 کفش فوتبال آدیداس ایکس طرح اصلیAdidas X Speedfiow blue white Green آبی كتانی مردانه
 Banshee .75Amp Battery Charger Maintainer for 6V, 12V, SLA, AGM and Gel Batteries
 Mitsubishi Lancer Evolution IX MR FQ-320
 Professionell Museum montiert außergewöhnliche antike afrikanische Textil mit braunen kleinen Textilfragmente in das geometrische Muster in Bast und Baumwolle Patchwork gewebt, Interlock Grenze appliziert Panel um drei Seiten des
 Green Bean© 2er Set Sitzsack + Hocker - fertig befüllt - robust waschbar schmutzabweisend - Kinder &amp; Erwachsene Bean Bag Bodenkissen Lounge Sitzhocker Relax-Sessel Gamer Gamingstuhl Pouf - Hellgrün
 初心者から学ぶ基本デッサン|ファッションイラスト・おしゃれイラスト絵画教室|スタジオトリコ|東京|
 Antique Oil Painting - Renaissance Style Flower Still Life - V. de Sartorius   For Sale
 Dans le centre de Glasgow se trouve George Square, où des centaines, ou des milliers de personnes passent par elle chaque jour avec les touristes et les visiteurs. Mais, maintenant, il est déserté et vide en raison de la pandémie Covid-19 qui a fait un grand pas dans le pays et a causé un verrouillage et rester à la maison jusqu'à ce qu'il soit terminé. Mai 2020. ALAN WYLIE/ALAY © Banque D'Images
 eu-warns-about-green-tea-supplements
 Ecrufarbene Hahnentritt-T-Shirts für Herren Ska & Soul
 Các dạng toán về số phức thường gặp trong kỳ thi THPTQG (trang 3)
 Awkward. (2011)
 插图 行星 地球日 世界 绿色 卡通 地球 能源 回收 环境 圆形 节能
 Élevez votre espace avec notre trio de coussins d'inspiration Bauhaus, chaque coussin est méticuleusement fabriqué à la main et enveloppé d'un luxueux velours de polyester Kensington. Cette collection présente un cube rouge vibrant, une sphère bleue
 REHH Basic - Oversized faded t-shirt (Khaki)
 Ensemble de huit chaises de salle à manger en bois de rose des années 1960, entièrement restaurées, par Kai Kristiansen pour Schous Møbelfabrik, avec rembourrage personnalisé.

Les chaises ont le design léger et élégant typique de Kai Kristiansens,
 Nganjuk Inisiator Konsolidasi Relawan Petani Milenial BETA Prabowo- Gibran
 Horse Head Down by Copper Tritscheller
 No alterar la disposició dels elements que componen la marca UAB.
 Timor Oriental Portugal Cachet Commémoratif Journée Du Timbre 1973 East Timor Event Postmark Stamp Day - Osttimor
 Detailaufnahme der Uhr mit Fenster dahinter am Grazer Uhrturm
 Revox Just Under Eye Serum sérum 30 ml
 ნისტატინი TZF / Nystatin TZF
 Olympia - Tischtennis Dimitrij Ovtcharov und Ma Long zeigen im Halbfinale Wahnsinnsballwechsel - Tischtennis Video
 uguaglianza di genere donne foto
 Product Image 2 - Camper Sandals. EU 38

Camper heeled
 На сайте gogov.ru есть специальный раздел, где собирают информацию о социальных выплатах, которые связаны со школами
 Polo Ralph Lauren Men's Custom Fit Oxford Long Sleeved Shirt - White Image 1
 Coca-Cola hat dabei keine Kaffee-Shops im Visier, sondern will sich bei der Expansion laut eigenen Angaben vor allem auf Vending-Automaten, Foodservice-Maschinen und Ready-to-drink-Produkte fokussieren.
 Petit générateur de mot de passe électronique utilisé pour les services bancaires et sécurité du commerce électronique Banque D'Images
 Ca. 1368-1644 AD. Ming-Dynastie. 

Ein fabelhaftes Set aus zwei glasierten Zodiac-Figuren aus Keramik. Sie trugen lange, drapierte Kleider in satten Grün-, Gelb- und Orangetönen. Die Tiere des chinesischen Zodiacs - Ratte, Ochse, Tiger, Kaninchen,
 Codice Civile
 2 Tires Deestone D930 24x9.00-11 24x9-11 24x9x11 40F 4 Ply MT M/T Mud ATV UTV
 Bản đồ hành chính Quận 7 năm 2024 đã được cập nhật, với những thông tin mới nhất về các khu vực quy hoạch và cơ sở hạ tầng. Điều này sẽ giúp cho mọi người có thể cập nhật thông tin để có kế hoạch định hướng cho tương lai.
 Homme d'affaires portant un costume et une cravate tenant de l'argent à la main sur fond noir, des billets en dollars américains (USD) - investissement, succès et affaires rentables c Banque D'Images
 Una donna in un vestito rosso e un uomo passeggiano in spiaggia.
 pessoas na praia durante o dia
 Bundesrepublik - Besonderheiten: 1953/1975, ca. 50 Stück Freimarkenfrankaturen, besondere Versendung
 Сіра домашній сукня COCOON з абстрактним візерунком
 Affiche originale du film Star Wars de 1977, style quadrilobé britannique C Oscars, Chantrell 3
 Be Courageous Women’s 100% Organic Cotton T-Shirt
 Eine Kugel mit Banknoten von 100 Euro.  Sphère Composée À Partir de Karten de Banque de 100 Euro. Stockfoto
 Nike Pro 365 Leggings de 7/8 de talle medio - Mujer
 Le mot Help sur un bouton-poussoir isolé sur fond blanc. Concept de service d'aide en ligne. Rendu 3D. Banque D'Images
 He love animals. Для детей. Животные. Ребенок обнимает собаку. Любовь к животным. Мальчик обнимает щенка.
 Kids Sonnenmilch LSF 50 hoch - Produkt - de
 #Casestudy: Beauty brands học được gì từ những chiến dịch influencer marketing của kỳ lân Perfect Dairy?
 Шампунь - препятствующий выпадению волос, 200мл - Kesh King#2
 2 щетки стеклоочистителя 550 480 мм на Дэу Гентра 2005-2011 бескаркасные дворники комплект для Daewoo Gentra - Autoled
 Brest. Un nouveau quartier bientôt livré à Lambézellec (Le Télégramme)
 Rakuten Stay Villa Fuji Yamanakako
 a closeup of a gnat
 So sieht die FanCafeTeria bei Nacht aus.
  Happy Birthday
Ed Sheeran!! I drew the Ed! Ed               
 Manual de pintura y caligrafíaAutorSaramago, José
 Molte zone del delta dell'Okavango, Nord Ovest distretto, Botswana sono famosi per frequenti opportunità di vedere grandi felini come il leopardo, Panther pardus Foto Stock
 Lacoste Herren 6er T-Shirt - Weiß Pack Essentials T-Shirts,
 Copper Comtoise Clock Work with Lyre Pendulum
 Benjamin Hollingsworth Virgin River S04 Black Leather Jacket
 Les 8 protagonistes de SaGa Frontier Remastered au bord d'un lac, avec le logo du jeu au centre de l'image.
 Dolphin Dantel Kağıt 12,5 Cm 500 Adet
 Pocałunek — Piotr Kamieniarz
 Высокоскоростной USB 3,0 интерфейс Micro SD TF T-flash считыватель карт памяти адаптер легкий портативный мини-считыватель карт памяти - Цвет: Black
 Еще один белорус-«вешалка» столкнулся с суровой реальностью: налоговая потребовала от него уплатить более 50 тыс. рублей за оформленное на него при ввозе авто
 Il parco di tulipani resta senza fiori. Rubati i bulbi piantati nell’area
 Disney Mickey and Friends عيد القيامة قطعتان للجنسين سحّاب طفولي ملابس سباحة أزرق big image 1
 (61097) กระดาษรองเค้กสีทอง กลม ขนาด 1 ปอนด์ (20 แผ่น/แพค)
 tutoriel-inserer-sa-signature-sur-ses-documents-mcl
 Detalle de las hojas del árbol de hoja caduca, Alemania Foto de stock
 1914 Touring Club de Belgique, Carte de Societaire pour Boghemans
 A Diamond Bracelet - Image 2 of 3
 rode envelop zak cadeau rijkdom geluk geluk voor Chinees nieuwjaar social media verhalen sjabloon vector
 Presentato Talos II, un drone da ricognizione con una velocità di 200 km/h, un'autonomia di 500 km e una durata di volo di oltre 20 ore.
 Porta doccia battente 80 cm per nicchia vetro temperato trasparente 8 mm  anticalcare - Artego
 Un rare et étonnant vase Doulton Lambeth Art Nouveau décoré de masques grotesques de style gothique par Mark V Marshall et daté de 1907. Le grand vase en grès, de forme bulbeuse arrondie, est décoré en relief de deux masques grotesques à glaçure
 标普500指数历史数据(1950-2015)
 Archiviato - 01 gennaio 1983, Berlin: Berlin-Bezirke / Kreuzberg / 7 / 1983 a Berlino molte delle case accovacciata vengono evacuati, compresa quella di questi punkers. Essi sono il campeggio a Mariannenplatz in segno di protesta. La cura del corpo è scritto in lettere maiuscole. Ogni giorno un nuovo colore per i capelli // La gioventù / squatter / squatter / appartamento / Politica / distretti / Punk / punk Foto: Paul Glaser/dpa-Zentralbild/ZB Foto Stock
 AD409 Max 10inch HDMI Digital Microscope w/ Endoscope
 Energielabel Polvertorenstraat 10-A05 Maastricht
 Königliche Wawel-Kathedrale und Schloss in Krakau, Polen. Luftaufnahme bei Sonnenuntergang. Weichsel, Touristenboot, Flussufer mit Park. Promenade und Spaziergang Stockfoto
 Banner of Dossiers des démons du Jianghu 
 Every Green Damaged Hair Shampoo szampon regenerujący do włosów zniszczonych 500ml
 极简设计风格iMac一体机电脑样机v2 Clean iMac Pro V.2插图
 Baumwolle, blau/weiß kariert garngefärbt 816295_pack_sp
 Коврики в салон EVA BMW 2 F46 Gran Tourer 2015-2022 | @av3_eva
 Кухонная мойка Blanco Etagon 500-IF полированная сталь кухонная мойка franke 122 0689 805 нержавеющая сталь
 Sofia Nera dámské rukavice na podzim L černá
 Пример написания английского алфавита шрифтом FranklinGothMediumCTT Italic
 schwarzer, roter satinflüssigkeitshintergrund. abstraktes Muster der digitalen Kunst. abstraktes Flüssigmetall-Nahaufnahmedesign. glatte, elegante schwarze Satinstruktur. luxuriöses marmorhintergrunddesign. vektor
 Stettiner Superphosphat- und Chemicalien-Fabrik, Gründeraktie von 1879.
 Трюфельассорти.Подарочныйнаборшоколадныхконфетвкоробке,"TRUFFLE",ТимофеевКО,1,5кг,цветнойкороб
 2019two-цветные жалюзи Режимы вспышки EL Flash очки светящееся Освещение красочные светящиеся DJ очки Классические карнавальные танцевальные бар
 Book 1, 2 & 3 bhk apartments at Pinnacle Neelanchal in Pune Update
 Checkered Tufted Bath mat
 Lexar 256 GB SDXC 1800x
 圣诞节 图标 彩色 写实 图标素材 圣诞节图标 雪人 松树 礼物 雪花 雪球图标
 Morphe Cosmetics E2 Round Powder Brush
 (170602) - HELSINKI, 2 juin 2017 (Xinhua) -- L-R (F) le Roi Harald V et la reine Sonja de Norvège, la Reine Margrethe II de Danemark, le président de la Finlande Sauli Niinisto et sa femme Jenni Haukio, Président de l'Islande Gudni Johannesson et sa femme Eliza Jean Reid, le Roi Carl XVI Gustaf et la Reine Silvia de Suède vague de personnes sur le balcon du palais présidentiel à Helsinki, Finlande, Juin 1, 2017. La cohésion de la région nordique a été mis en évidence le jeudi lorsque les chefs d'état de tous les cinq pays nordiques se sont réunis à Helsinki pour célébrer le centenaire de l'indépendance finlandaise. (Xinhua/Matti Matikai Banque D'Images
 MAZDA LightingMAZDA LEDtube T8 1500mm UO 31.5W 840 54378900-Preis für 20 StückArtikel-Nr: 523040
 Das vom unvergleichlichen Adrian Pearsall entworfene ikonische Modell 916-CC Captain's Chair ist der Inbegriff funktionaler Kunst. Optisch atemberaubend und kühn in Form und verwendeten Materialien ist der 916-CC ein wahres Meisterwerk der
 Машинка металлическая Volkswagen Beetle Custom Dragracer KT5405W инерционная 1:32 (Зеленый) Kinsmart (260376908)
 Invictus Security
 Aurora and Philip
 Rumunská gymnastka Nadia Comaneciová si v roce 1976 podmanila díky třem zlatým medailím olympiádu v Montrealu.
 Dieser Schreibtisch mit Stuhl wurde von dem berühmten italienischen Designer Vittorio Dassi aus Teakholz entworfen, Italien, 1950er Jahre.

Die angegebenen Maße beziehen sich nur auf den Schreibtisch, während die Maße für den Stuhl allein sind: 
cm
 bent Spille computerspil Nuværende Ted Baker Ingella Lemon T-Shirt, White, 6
::::
» **Aim of the exercise**
Take the word "centre" and find each line of the material that contains it. Copy those lines.

» **Expected output**
 Dans le centre de Glasgow se trouve George Square, où des centaines, ou des milliers de personnes passent par elle chaque jour avec les touristes et les visiteurs. Mais, maintenant, il est déserté et vide en raison de la pandémie Covid-19 qui a fait un grand pas dans le pays et a causé un verrouillage et rester à la maison jusqu'à ce qu'il soit terminé. Mai 2020. ALAN WYLIE/ALAY © Banque D'Images
 Les 8 protagonistes de SaGa Frontier Remastered au bord d'un lac, avec le logo du jeu au centre de l'image.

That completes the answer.